The only finding in either direction was a “non-significant trend toward less accumulation of coronary artery calcium.”  One reason it was “non-significant” might have been that only a small percentage of the women admitted to the study had any coronary calcium to begin with. Some 85 percent of the participants had measurements of zero. For the 15 percent who had some degree of coronary calcium, both the estrogen and estradiol treatments showed a trend toward a reduction. It might have been a hint of something significant. To find out, the trial needed to be bigger and longer.

It’s not that KEEPS was worthless. The news out of the announcement focused on the positives: That hormone replacement safely improves menopausal symptoms including hot flashes and night sweats, depression, diminished libido, and bone density. That’s reassuring to women, and should help continue to reverse the decade-long misinterpretation of WHI data that led many physicians to advise against HRT. But it’s hardly new information. Plenty of previous studies have established these benefits.

Yes, KEEPS adds to our base of knowledge of hormone replacement and cardiovascular disease. But it doesn’t advance the science. It doesn’t begin to answer the question that ultimately matters, the one it set out to resolve. That’s a pretty dismal failure, given the number of research centers involved and the expectations they raised.  And my concern is that the agnostic results will discourage support for the kind of longer, bigger and better study that would prove (or disprove) the relationship between hormone replacement and cardiovascular disease. What researchers really need to do—what KEEPS should have done—is a study on the order of 5,000 subjects, with a broader range of age and baseline cardiovascular health, who are followed for 10 years. The KEEPS investigators are loudly calling for it, but given the scale and investment required, it seems unlikely. In that light, KEEPS might be more than disappointing. It might have done some real damage.

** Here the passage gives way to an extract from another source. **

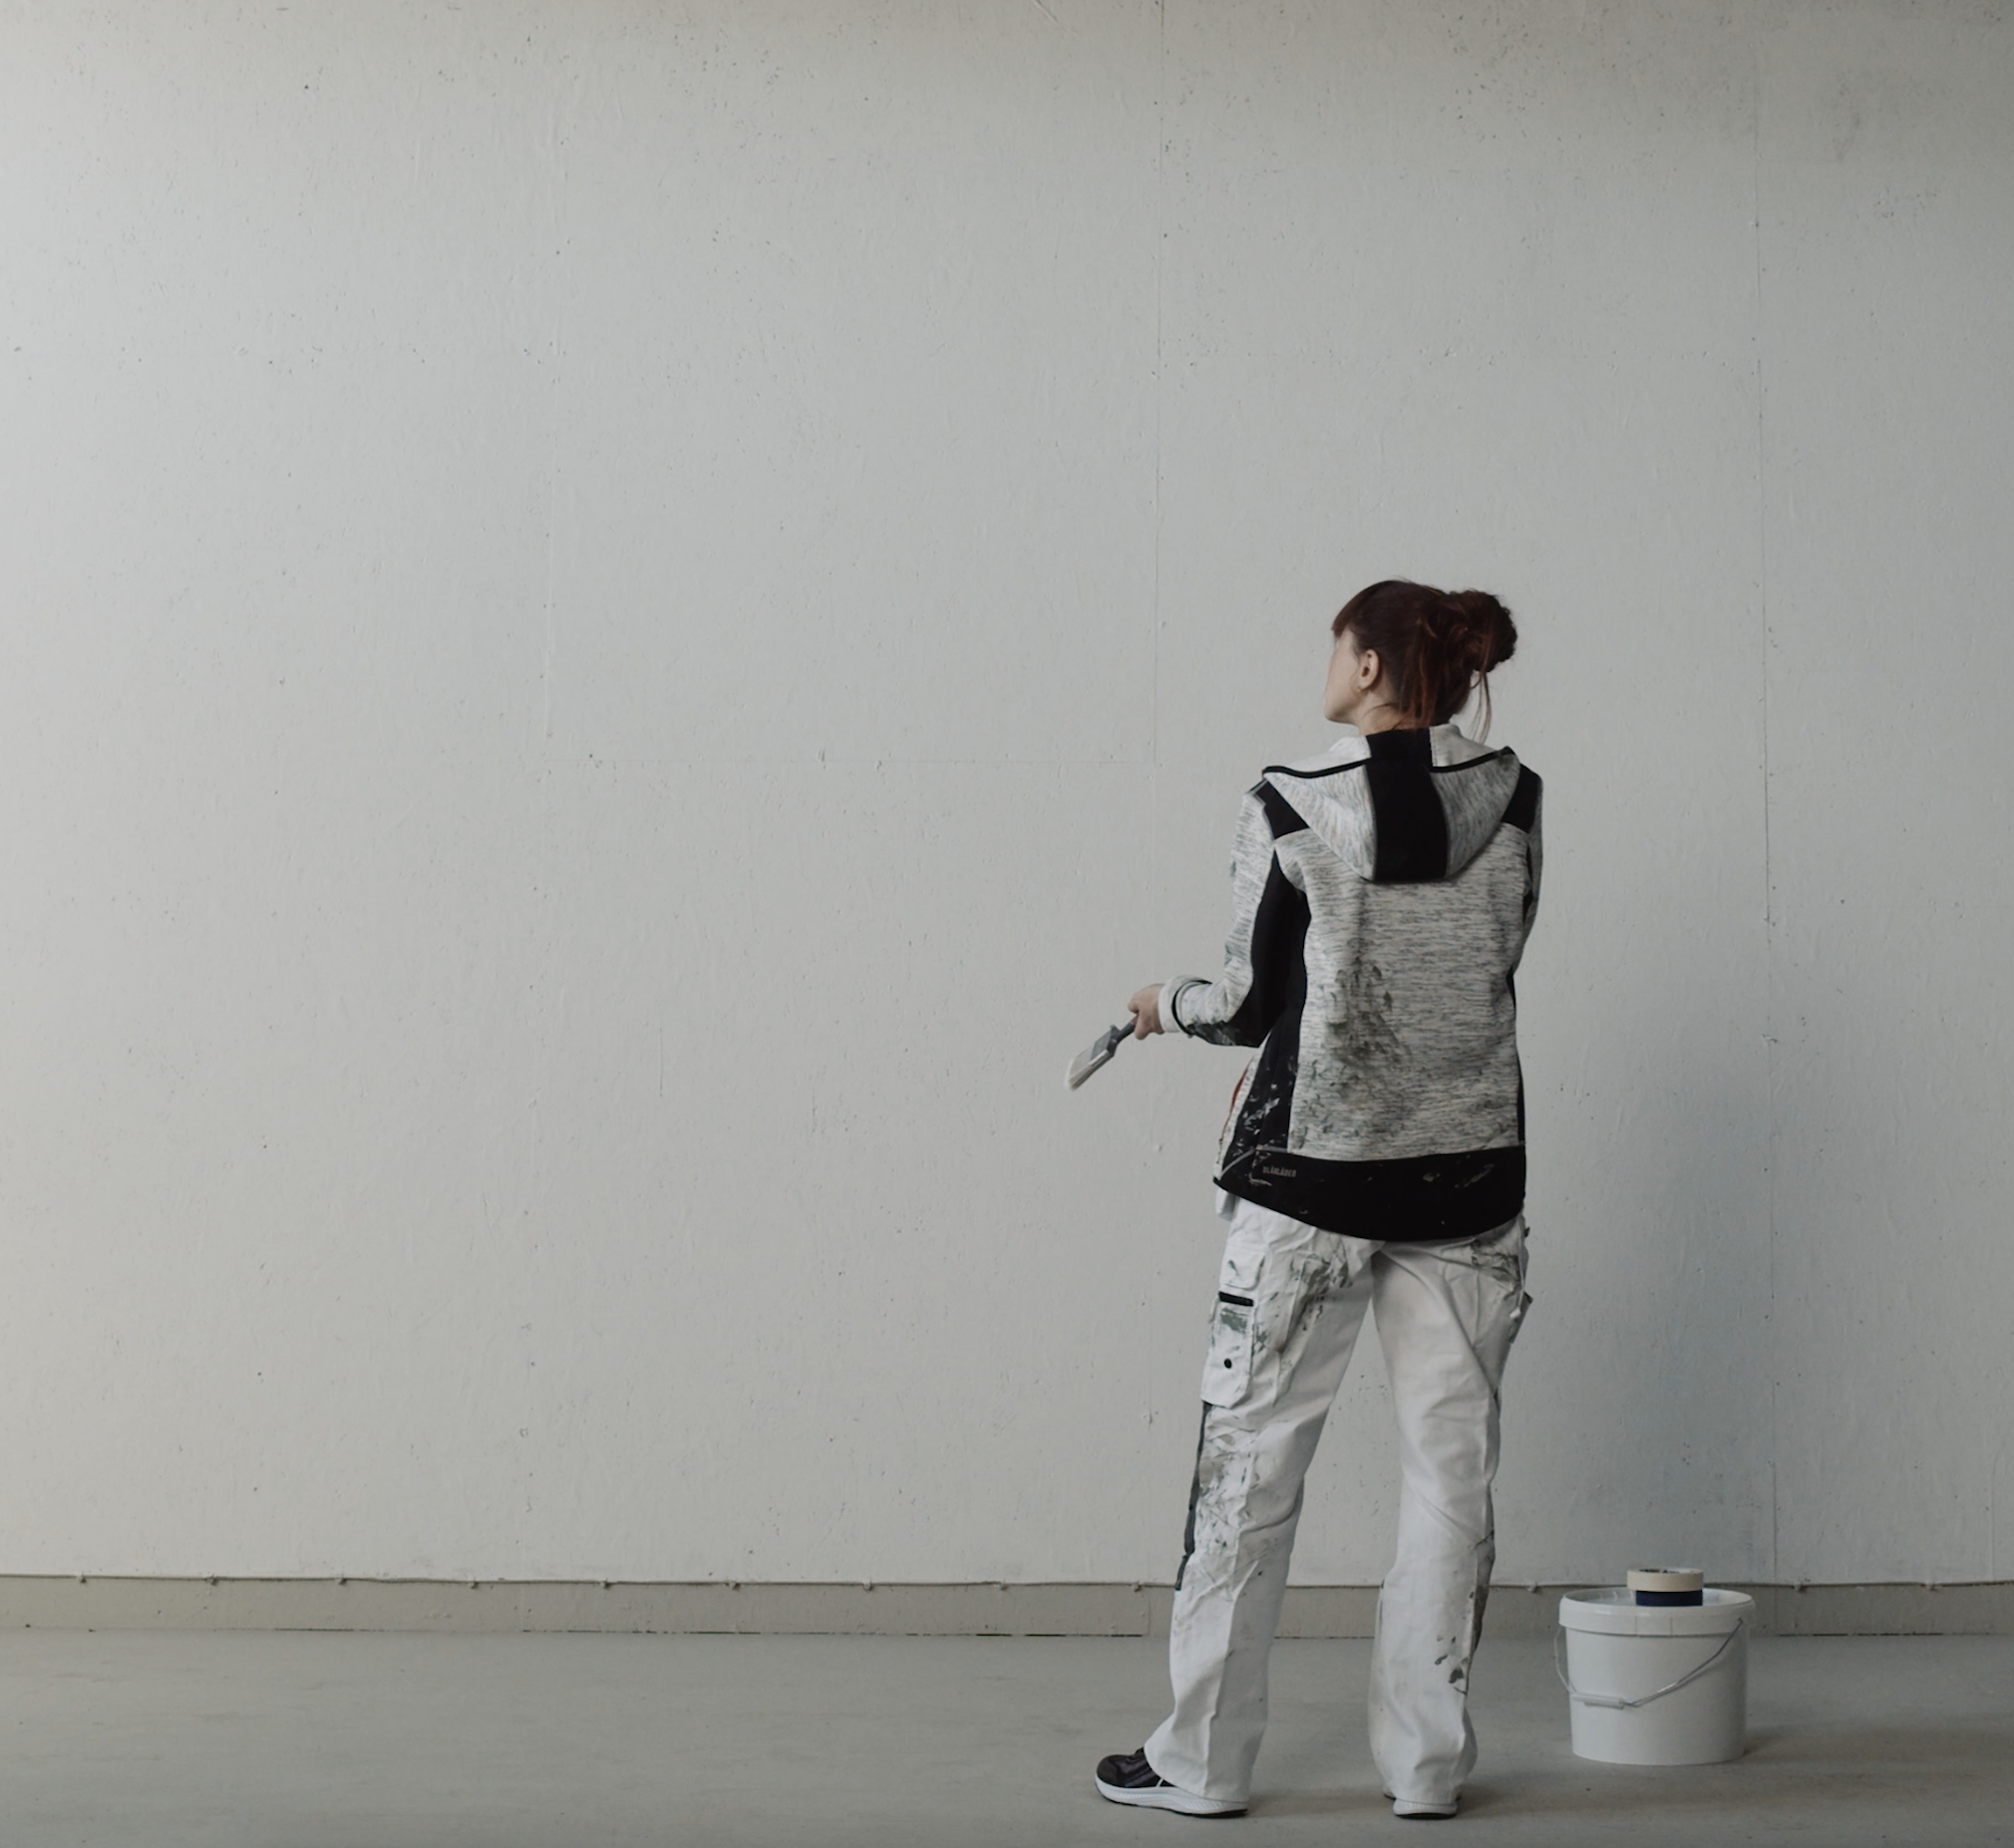 Målare framför stor vit vägg som håller liten pensel.

For women of menopause age, this leaves open the question of whether to take hormone replacement in the absence of symptoms. Will it protect their arteries and reduce their risk of cardiovascular disease? And for how long should they take them? As with most questions related to age management, it comes down to what I call the N of 1 concept. In clinical research lingo, N signifies the number of subjects in a study. KEEPS, for instance, had an N of 727. (It would be written as N=727 in a scientific publication). But the only evidence that really matters to any one person is the kind that actually applies to them–which may or may not be the same that applies to those 727 subjects. Even a well-done study with persuasive evidence published by a respected journal might not necessarily apply to you if you are not like the average of the people in that study. Or it might apply to you, but not precisely in the way reported. Thus the N of 1  approach: An individual, evidence-based judgment, based on one’s own biomarkers.

In the case of HRT and cardiovascular and cognitive health, women should have annual CIMT and computerized cognitive testing to measure the effect of what they are doing, whether they are taking hormone replacements or a wait-and-watch approach.

All things considered, the risk-to- benefit ratio favors hormone replacement for symptoms around menopause, probably for as long as you have them. Despite its disappointing findings on cardiovascular benefit, even the KEEPS study confirmed once again that the risk of adverse events from HRT are very small, far outweighed in almost all cases by the many proven quality-of-life benefits.